As coal-fired generation fell and coal capacity continued to rise, India’s coal plant load factor fell to a record low level of 53 per cent in 2020.
Ember’s report demonstrates that India’s coal-fired generation will continue to plateau this decade if electricity demand is structurally impacted by Covid-19.
With electricity demand projected to grow just four-five per cent every year until 2030, the study calculates that there would only be a small (52 TWh) increase in coal-fired generation by 2030.
The analysis draws on data from the IEA, demonstrating that the India Energy Outlook 2021 report supports the conclusion that coal power will plateau and could even fall this decade.
“India has a once-in-a-generation opportunity to transform its energy system, and the benefits of doing so are huge,” Buckley told IANS.
“India could dramatically improve its energy security by reducing reliance on expensive fossil fuel imports. The ongoing solar energy deflation — now around Rs 2/kWh, below the marginal fuel cost of coal-fired power plants — gives India the economic incentive to accelerate its energy transition and be a world leader in helping to solve the climate crisis, plus address chronic air pollution and water stress.
“Our report focuses on the enormous amount of capacity building that has been undertaken in 2020 such that global capital is ready, willing and able to be deployed at unprecedented scale in building domestic, zero-emissions, low-cost renewable infrastructure in India.
“We estimate that striving for 450 gigawatts of renewable energy by 2030 would require deploying $500 billion of investment over the coming decade — $300 billion for wind and solar infrastructure, $50 billion on grid firming investments such as gas-peakers, hydro and batteries, and $150 billion on expanding and modernising transmission and distribution.”

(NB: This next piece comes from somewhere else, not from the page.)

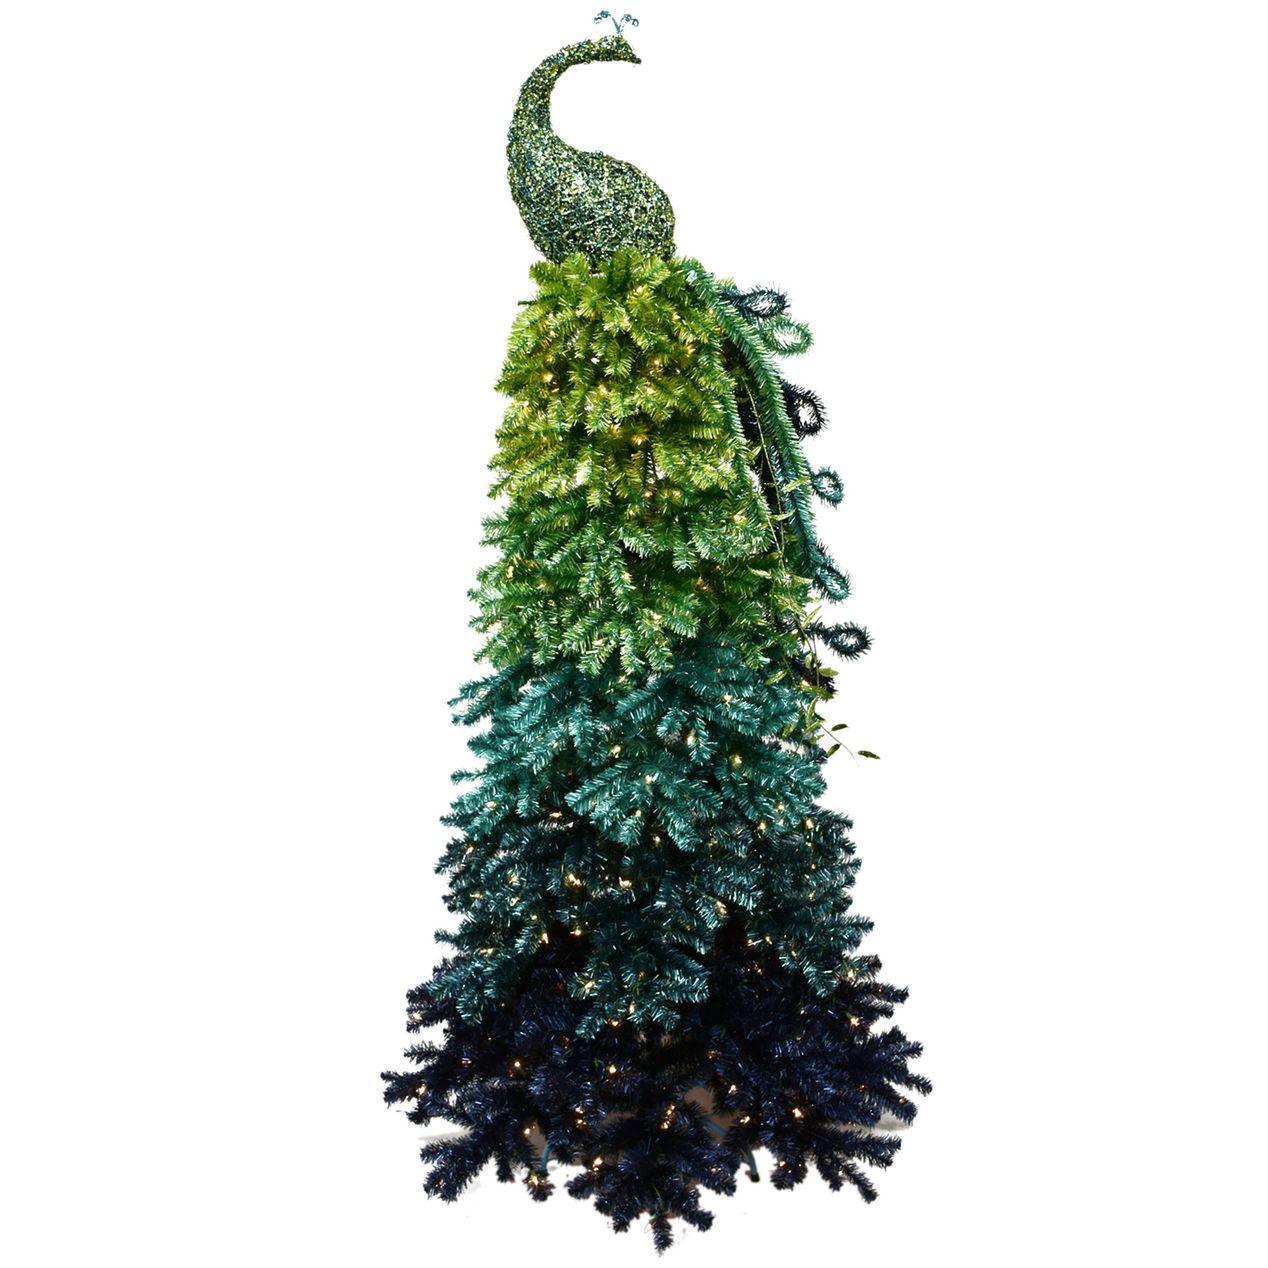 D13 7-ft Pre-Lit Peacock Christmas Tree | Holidays | Pinterest ...
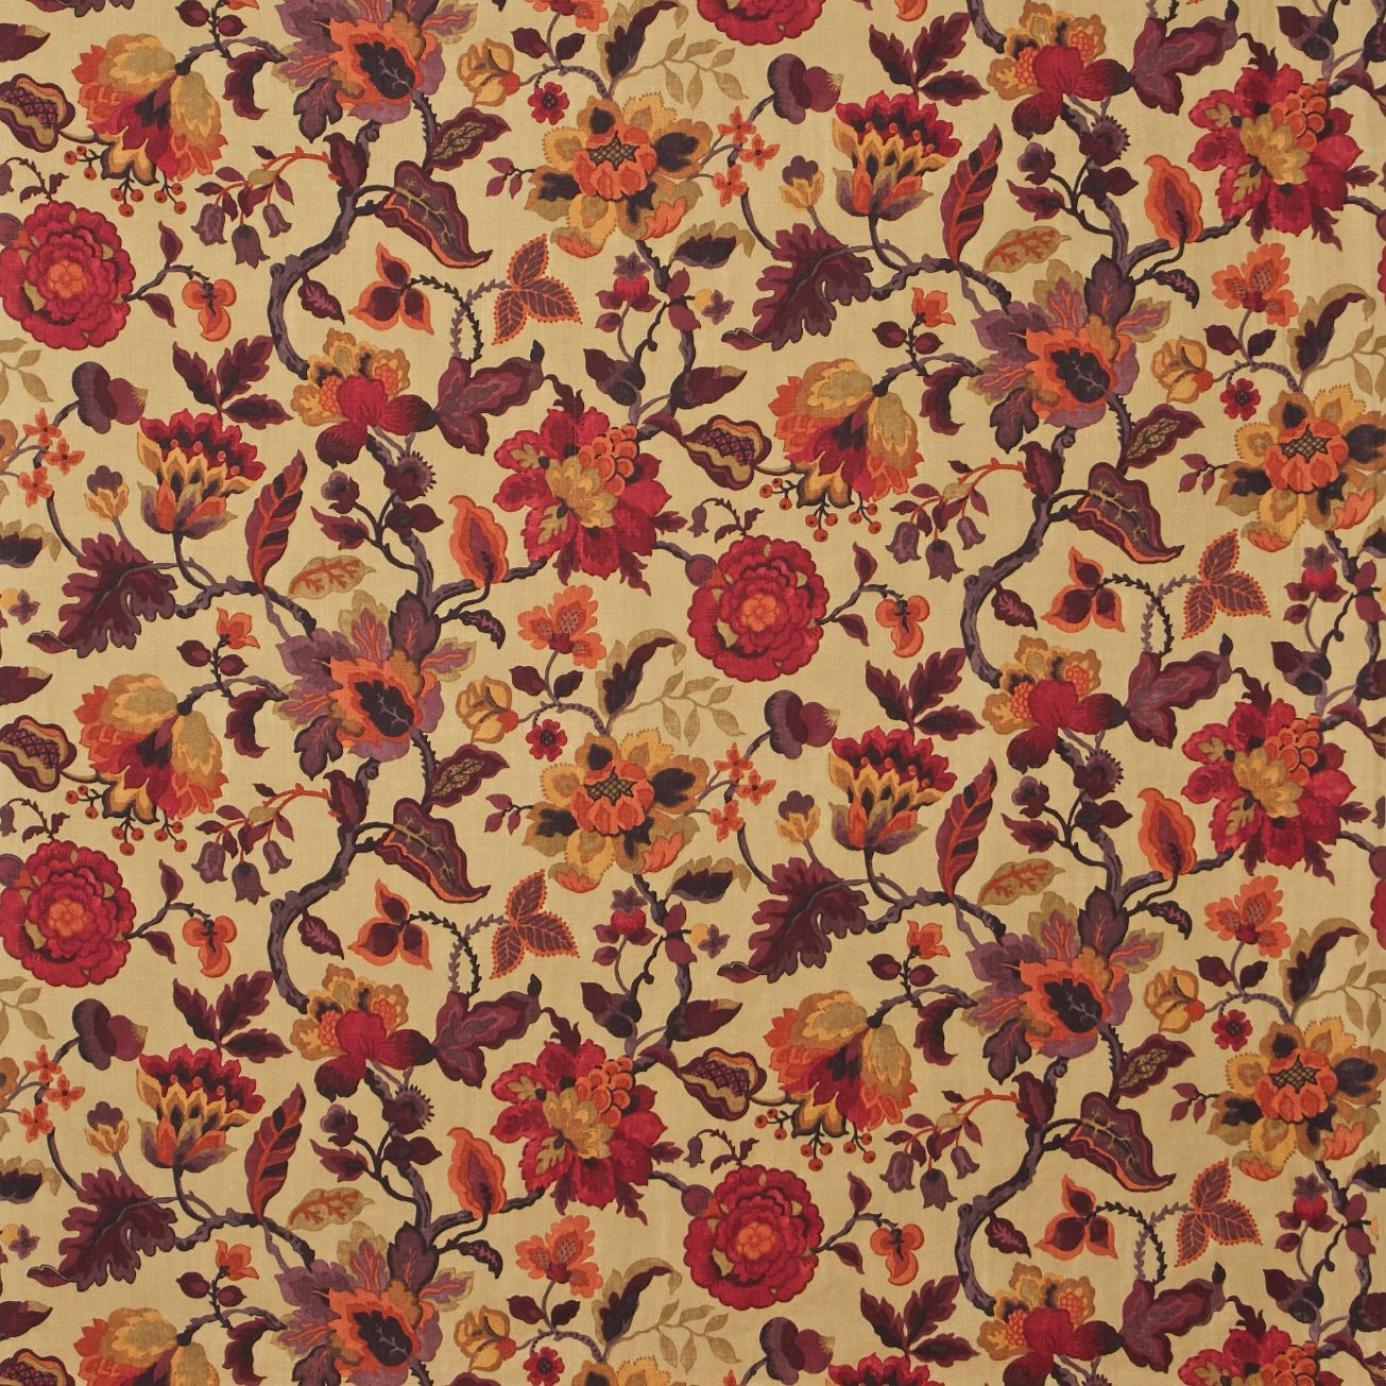 amanpuri fabric old gold aubergine dcouam201. Black Bedroom Furniture Sets. Home Design Ideas

IEEFA’s report, co-written by research analyst Saurabh Trivedi, identifies the capital flowing into the renewables sector for new projects and infrastructure investment trust structures, as well as the capital recycling opportunities for the National Investment and Infrastructure Fund for operational projects.
Trivedi says as well as attracting capital into new projects, India needs to recycle existing investments in renewable energy projects.
This new trajectory puts India on a more climate-friendly pathway.
Ember’s report reveals that this is dependent on India delivering its 2022 target for wind and solar generation, which would require more than double the generation seen in 2020 (118TWh).
Aditya Lolla, Ember’s senior analyst, said: “It seems increasingly likely that coal power will plateau in the 2020s in India. But, there is still a risk that India could be knocked off course. As India recovers from the Covid-19 pandemic shock, the choices it makes in the next decade will make or break its coal-to-clean electricity transition. Now the focus must be on building enough new solar and wind capacity to meet increasing electricity demand.
“That would mean the new wave of coal plants coming online in the next few years can be used to replace India’s oldest and dirtiest coal plants. As the world’s second-largest coal generator, all eyes are on India in this crucial decade of climate action.”